2 responses to “Crest Or Slump

  1. I recognize this pattern with my equally long “career” of training. Though, from time to time there are the inevitable illnesses or injuries, after which one needs to muster the mental energy to get started again. After a particularly challenging period of constant injuries I learned to love the challenge, i.e. not just enjoying the ride on the wave (yes, I’ve surfed in my youth!) but winning the battle of getting back there again. This has led me from “Oh, f***, do I have start from zero again?!” to “YES, now I get to show myself what I’m made of!!!”. And this, in turn, has allowed me to go from (on occasion) questioning the meaning of it all to “I’ll never quit”. Quitting is not an option.

    • I totally hear what you are saying and agree.

      I have had my share of injuries and illness, though thankfully nothing that has completely knocked me down in every physical area. Like you, when injury or illness come that could be seen as an ‘opportunity’ rather than an obstacle. I know Terry is very fond of finding some new challenge to work on when something sets him back in another area.

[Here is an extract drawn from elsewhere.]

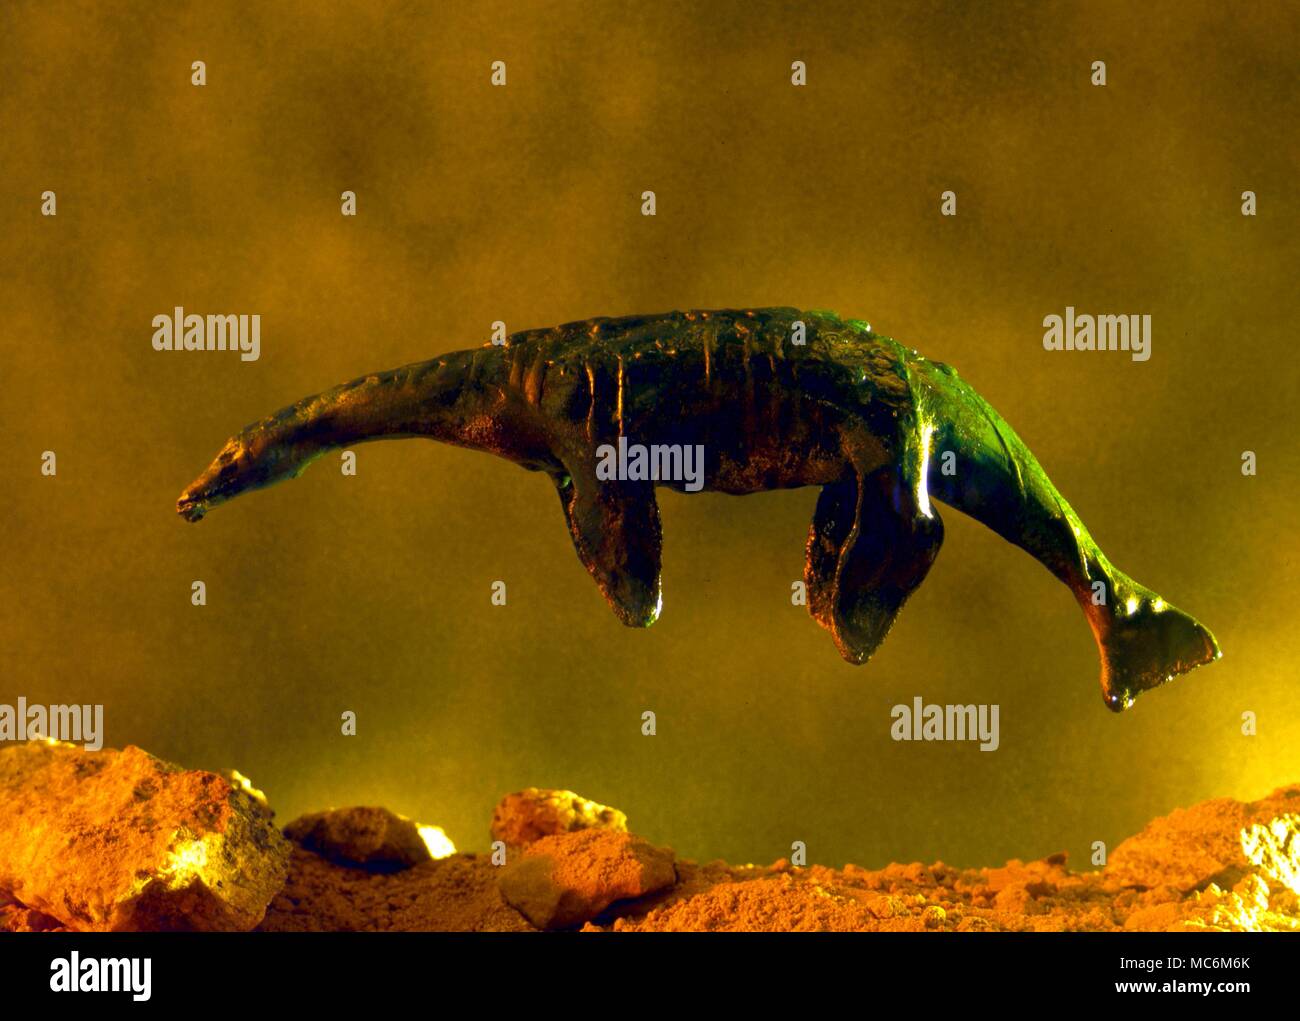 Mostri. Il mostro marino o mostro lacustre. Questo è un modello in scala di un preistorico mostro acquatico, il Plesiosaurus che ha beeen rivendicato come l'originale "Mostro di Loch Ness". Foto Stock

      My knee pain prompted me to rebuild my running stride- and it worked. I had lost so much speed over it that I was content then to do the patient slow drills involved in carefully reshaping the form. And illness makes me focus on stretching and developing a few more yoga moves. Leg injuries make me focus on upper body, and vice versa.

      Coach Terry tells the story of how some health problems last winter essentially knocked him out of any training that required much energy- so instead he spent hours and hours in his Endless Pool perfecting little, but significant features of his kick and catch, without draining his precious little energy. Then this summer, without any distance or speed training like he had done in the past, he set several new best times or finishes in some races- though he was ‘weaker’ than previous years. He did not let the illness hold him back- he found new ways to move forward.

      For me, over the years I have kept several skill-building interests in my pocket, so to speak, so that when there is an interruption in one, I have another to turn to and keep riding the momentum. So in this way, I have never really had an interruption in my training habit in those 25 years- just changes in the activity. For instance, I decided I wanted to learn some yoga sequences so I would have something I could work on in hotel room, or when I am ill and can’t move too much.

      I also find myself getting focused in one area and when the season changes (from OW to pool, or run-emphasis back to swimming emphasis, for instance) I need a couple weeks to complete the mental transition. This is not so much of a loss-of-momentum as it is a change of direction.

      PS- I allegedly have a torn meniscus so now I am learning to adapt to that and hope it heals. I’ve been kept from running for 5 months. So now I do yoga (good posture) sitting and breath-concentration drills to give me something new to work on.

      I would encourage us all to keep the mental momentum of skill training going strong, even when the body is shut down. In this way I might explain why I have never had a down-season in those 25 years- with shoulder injuries (pre-TI), when I worked like a dog for 70 hours a week and still found a way to get out, when I had no water to swim in and could only run at 5am in pitch darkness because of duties during the day. I always found something else I could do.

      The ultimate message here is ADAPT. Never quit. Just move that passion for learning to a new thing, until we can (hopefully) resume the other thing again- or learn to the that thing in a new or better way. It’s this feature in the attitude that makes us resilient to injury and aging, and the uncertainty of life.